(FYI) Talk by Prof. Yanzhi Wang, Assoc. Professor at Northeastern University, USA
Talk Title
Towards Best Possible Deep Learning Acceleration on the Edge – A
Compression-Compilation Co-Design Framework
Abstract
Mobile and embedded computing devices have become key carriers of
deep learning to facilitate the widespread of machine intelligence.
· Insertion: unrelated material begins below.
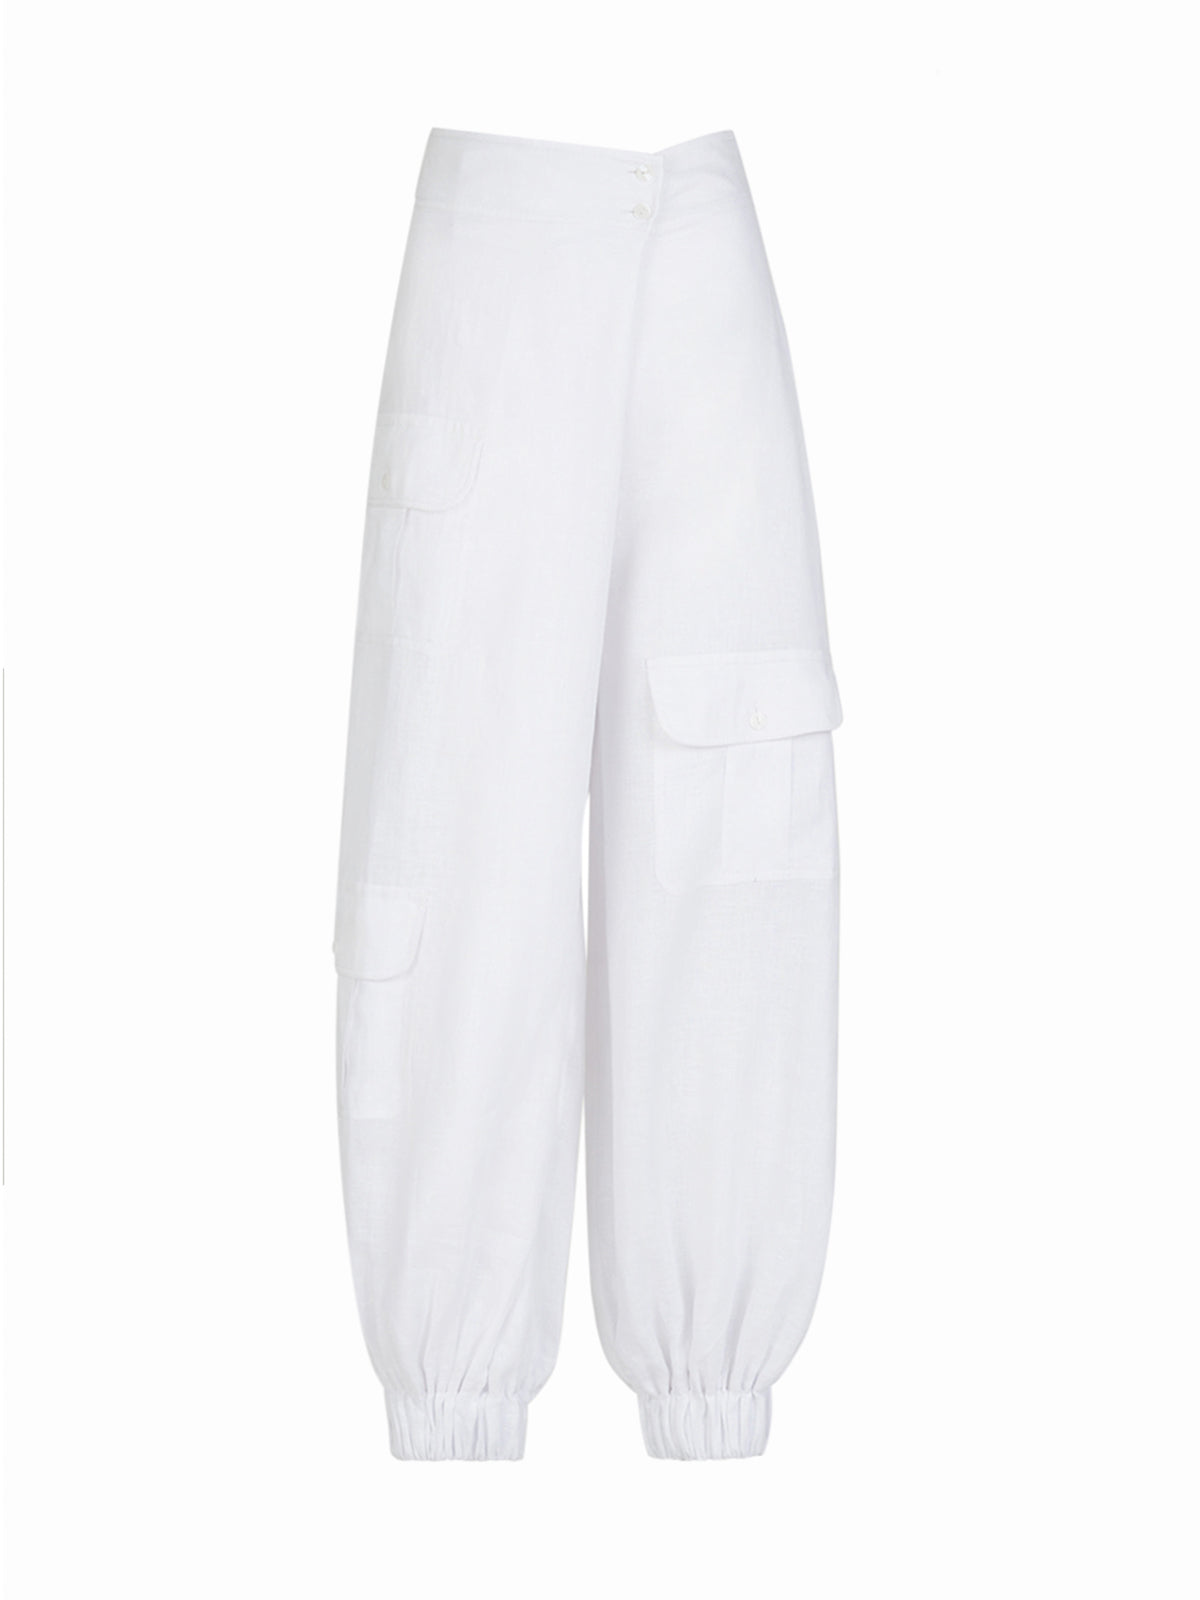 These white cargo pants feature multiple pockets and are perfect for a casual Brandon Pant White Linen outfit.
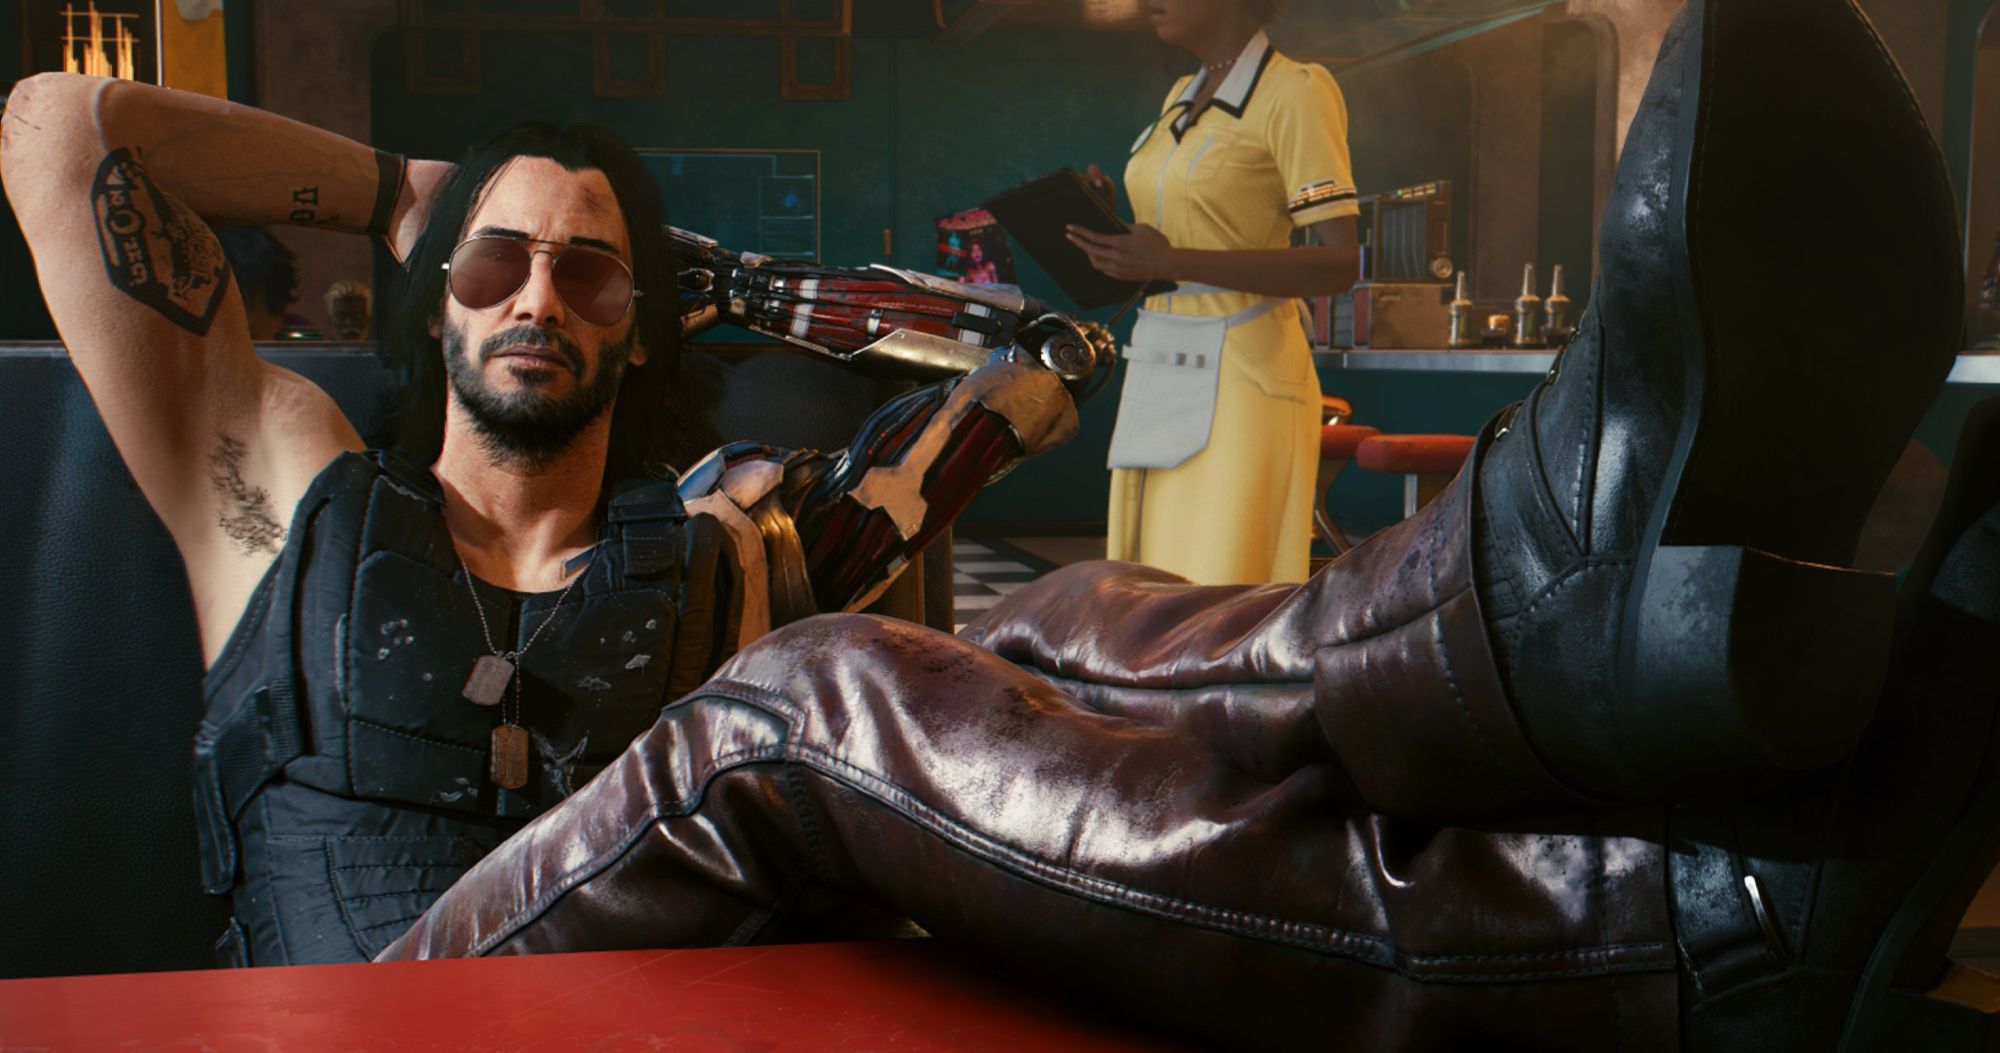 Cyberpunk 2077 Nude Character Glitch Gives Players a Truly NSFW Experience

However, there is a widely recognized challenge to achieve real-time
DNN inference on edge devices, due to the limited
computation/storage resources on such devices. Model compression of
DNNs, including weight pruning and weight quantization, has been
investigated to overcome this challenge. However, current work on
DNN compression suffer from the limitation that accuracy and
hardware performance are somewhat conflicting goals difficult to
satisfy simultaneously.
We present our recent work CoCoPIE, representing
Compression-Compilation Codesign, to overcome this limitation
towards the best possible DNN acceleration on edge devices. We
propose novel fine-grained structured pruning schemes, including
pattern-based pruning, block-based pruning, etc. They can
simultaneously achieve high hardware performance (similar to
filter/channel pruning) while maintaining zero accuracy loss, with
the help of compiler, which is beyond the capability of prior work.
Similarly, we present novel quantization scheme that achieves
ultra-high hardware performance close to 2-bit weight quantization,
with almost no accuracy loss. Through the CoCoPIE framework, we are
able to achieve real-time on-device execution of a number of DNN
tasks, including object detection, pose estimation, activity
detection, speech recognition, just using an off-the-shelf mobile
device, with up to 180X speedup compared with prior work. Our
comprehensive demonstrations are at :
https://www.youtube.com/channel/UCCKVDtg2eheRTEuqIJ5cD8ABiography
Yanzhi Wang is currently an associate professor and faculty fellow
at Dept. of ECE at Northeastern University, Boston, MA. He received
the B.S. degree from Tsinghua University in 2009, and Ph.D. degree
from University of Southern California in 2014. His research
interests focus on model compression and platform-specific
acceleration of deep learning applications. His work has been
published broadly in top conference and journal venues (e.g., DAC,
ICCAD, ASPLOS, ISCA, MICRO, HPCA, PLDI, ICS, PACT, ISSCC, AAAI,
ICML, NeurIPS, CVPR, ICLR, IJCAI, ECCV, ICDM, ACM MM, FPGA, LCTES,
CCS, VLDB, PACT, ICDCS, RTAS, Infocom, C-ACM, JSSC, TComputer,
TCAS-I, TCAD, TCAS-I, JSAC, TNNLS, etc.), and has been cited above
12,000 times. He has received six Best Paper and Top Paper Awards,
and one Communications of the ACM cover featured article. He has
another 12 Best Paper Nominations and four Popular Paper Awards. He
has received the U.S. Army Young Investigator Program Award (YIP),
IEEE TC-SDM Early Career Award, Massachusetts Acorn Innovation
Award, Martin Essigmann Excellence in Teaching Award, Massachusetts
Acorn Innovation Award, Ming Hsieh Scholar Award, and other research
awards from Google, MathWorks, etc. He has received 22 federal
grants from NSF, DARPA, IARPA, ARO, ARFL/AFOSR, etc.. He has
participated in a total of $40M funds with personal share $8.5M. Six
of his former Ph.D./postdoc students become tenure track faculty at
Univ. of Connecticut, Clemson University, Chongqing University,
Beijing University of Technology, Texas A&M University, Corpse
Christi, and Cleveland State University.